Perhaps the principal message of The Next American Nation is that Eurocentrism is dead, multiculturalism is dying, and whoever succeeds in filling the void will shape the American political, economic, and social orders for much of the 21st century. Lind cautions secular liberals that the Christian right has something to offer that they do not - a definition of American nationality that has authentic American roots and can transcend both citizenship and race. He encourages those who oppose a nationality based on shared religious convictions to promote a different successor to Multi-Cultural America - "Trans-America."
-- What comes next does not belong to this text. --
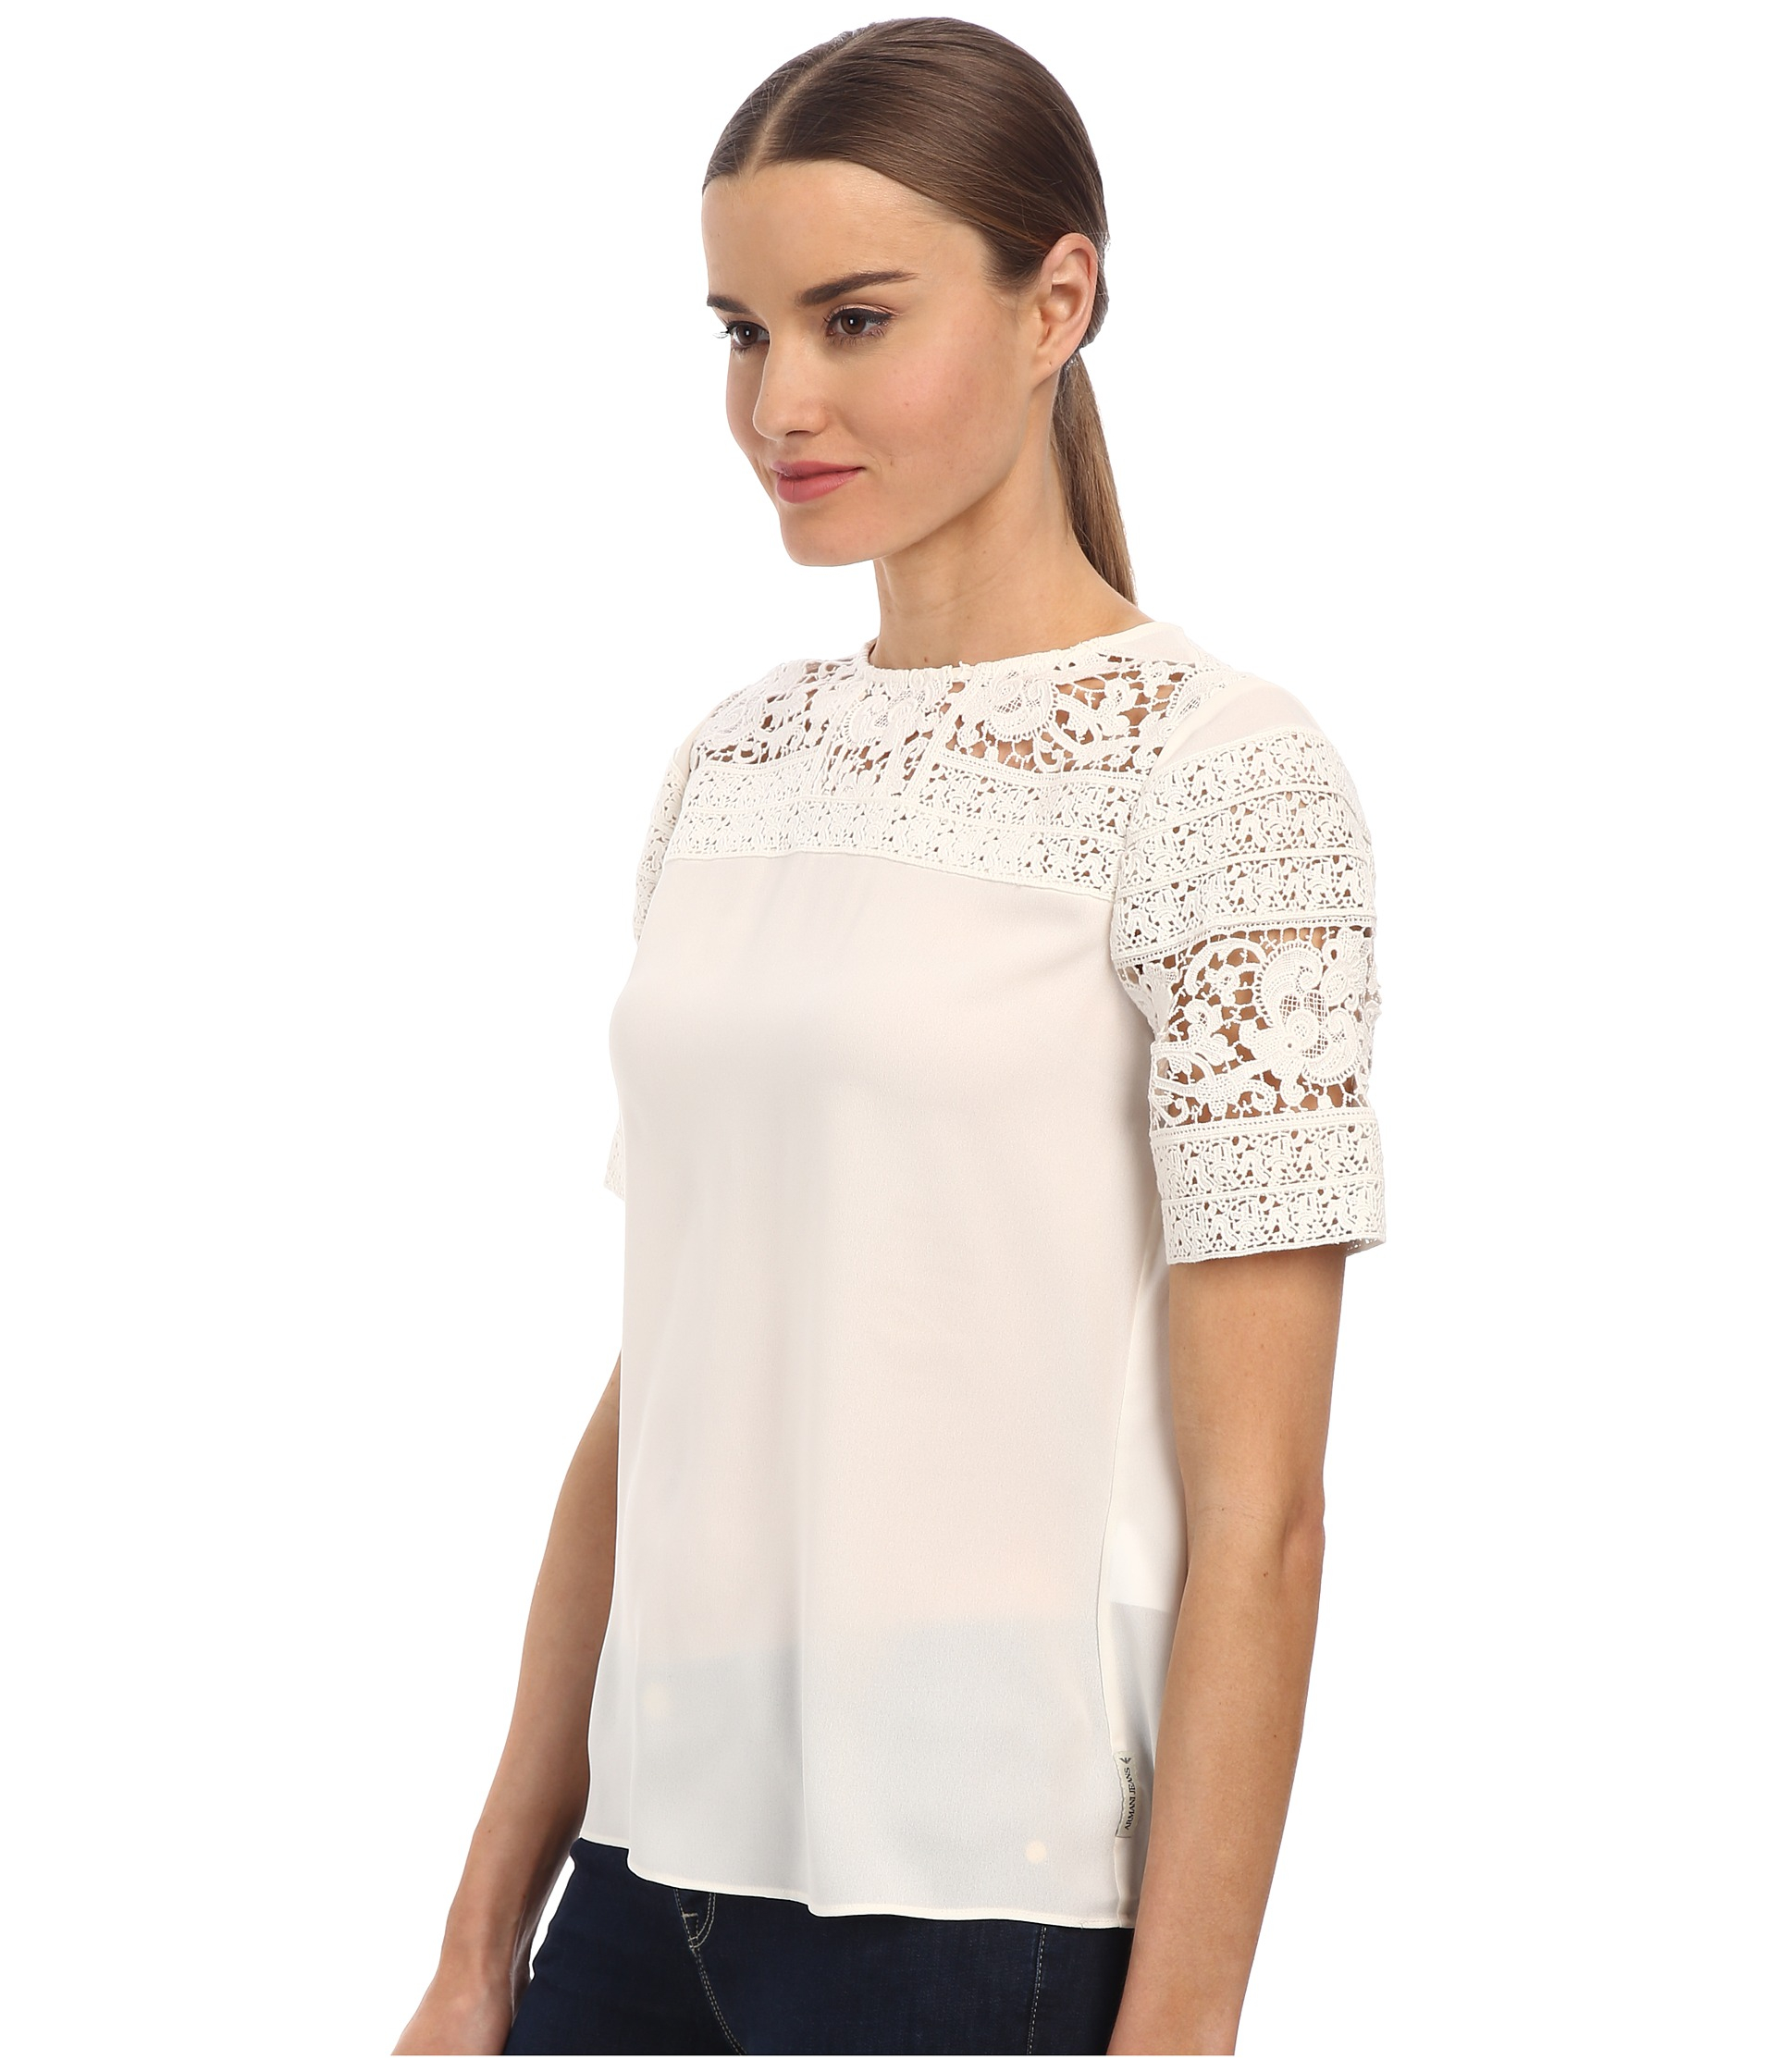 Lyst - Armani jeans Lace Illusion Blouse in White
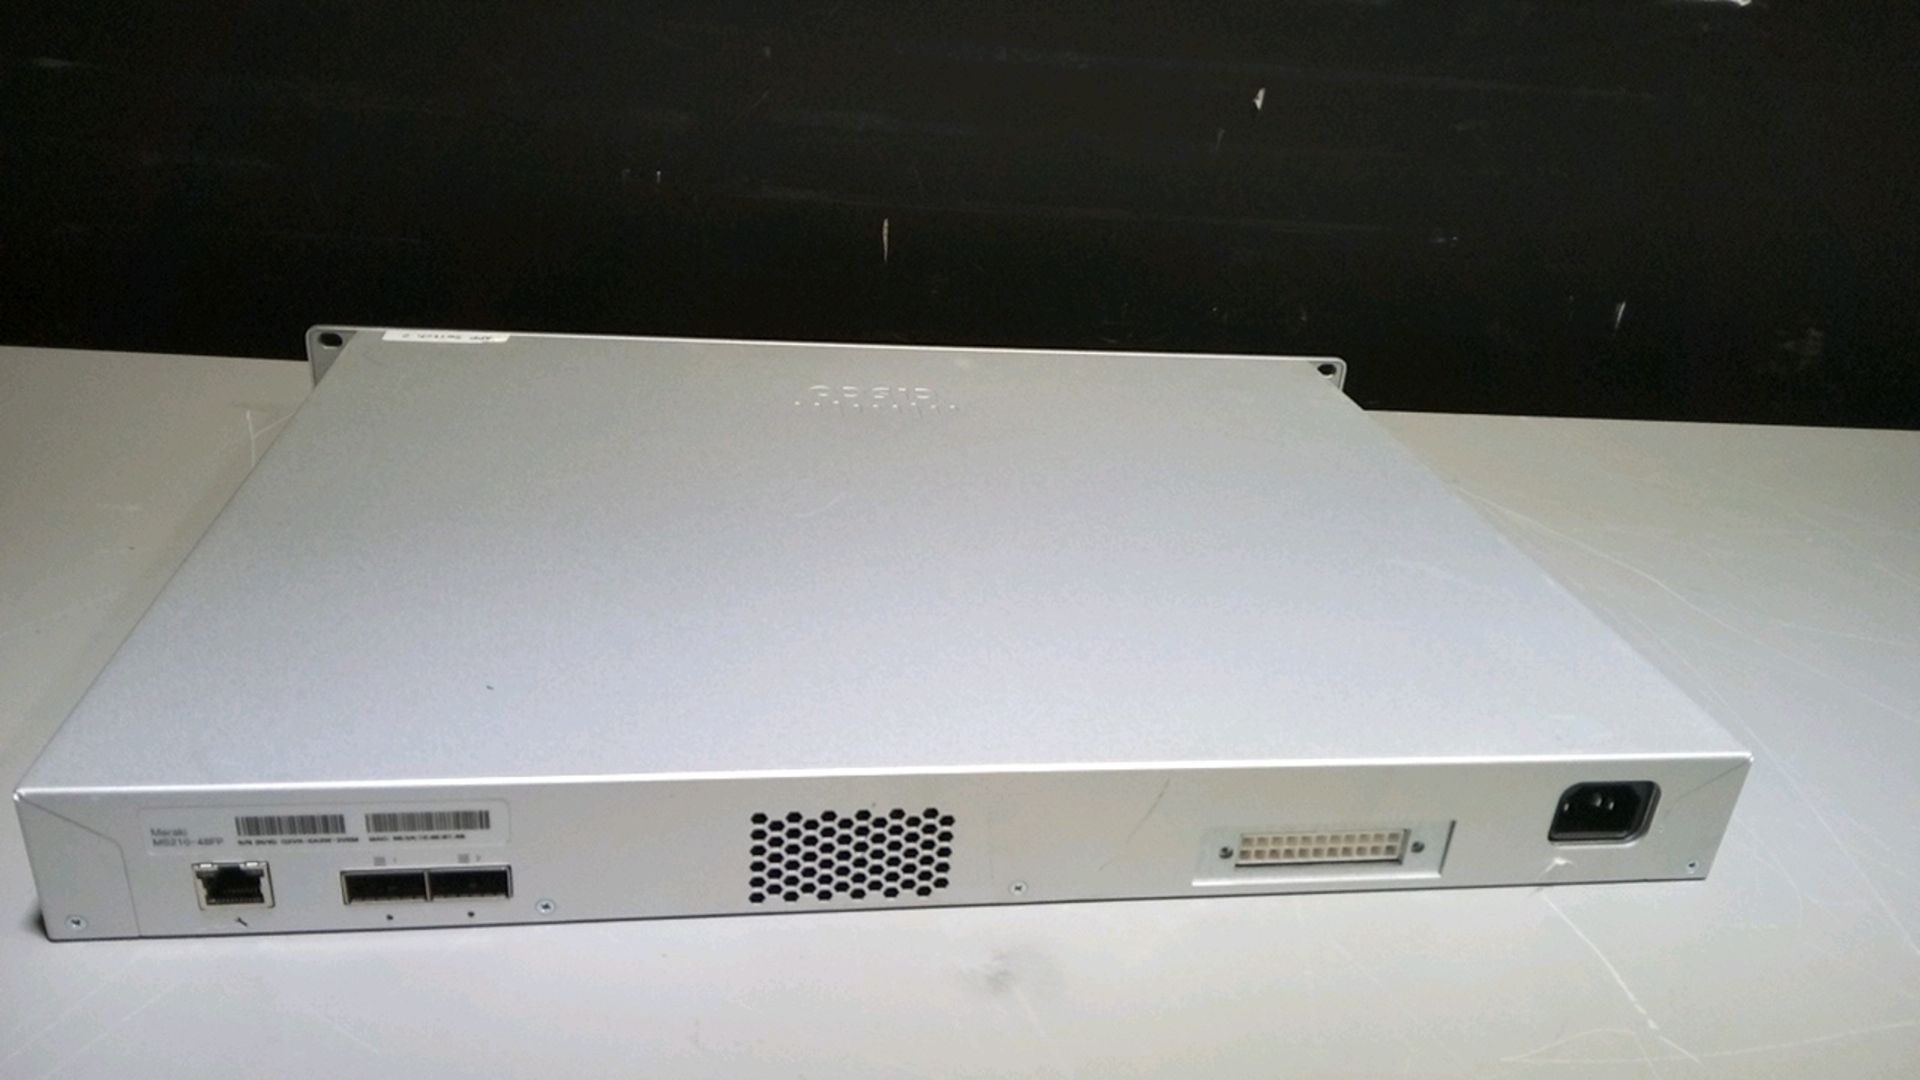 CISCO SYSTEMS MERAKI M210-48FP SWITCH LOCATED AT: 2440 GREENLEAF AVE, ELK GROVE VILLAGE IL - Image 2 of 2

According to Lind, a Trans-American Fourth Republic would celebrate the language, music, sports, customs, and other cultural traits that are shared by Americans of all races and religions and that mark us in the eyes of the world as a distinct people. The Fourth Republic would tolerate but would refuse to subsidize or authenticate idiosyncratic expressions of religious or racial identity.

The Next American Nation argues that public awareness of a common Trans-American nationality is the sine qua non of the reforms that Lind holds are necessary to reverse the process of Brazilianization in the United States. However, the reforms that he pro-poses are so dramatic (national election of Senators), so unconventional (imposing a "social tariff" on imported goods from low-wage countries), or so fanciful (appointing new Founding Fathers) that many of Lind's penetrating insights into the past and the present may get lost in the laughter over his prognos-tications. That would be unfortunate because, whatever its shortcomings, The Next American Nation grapples with issues of race and wealth in American society that few political commentators have dared confront.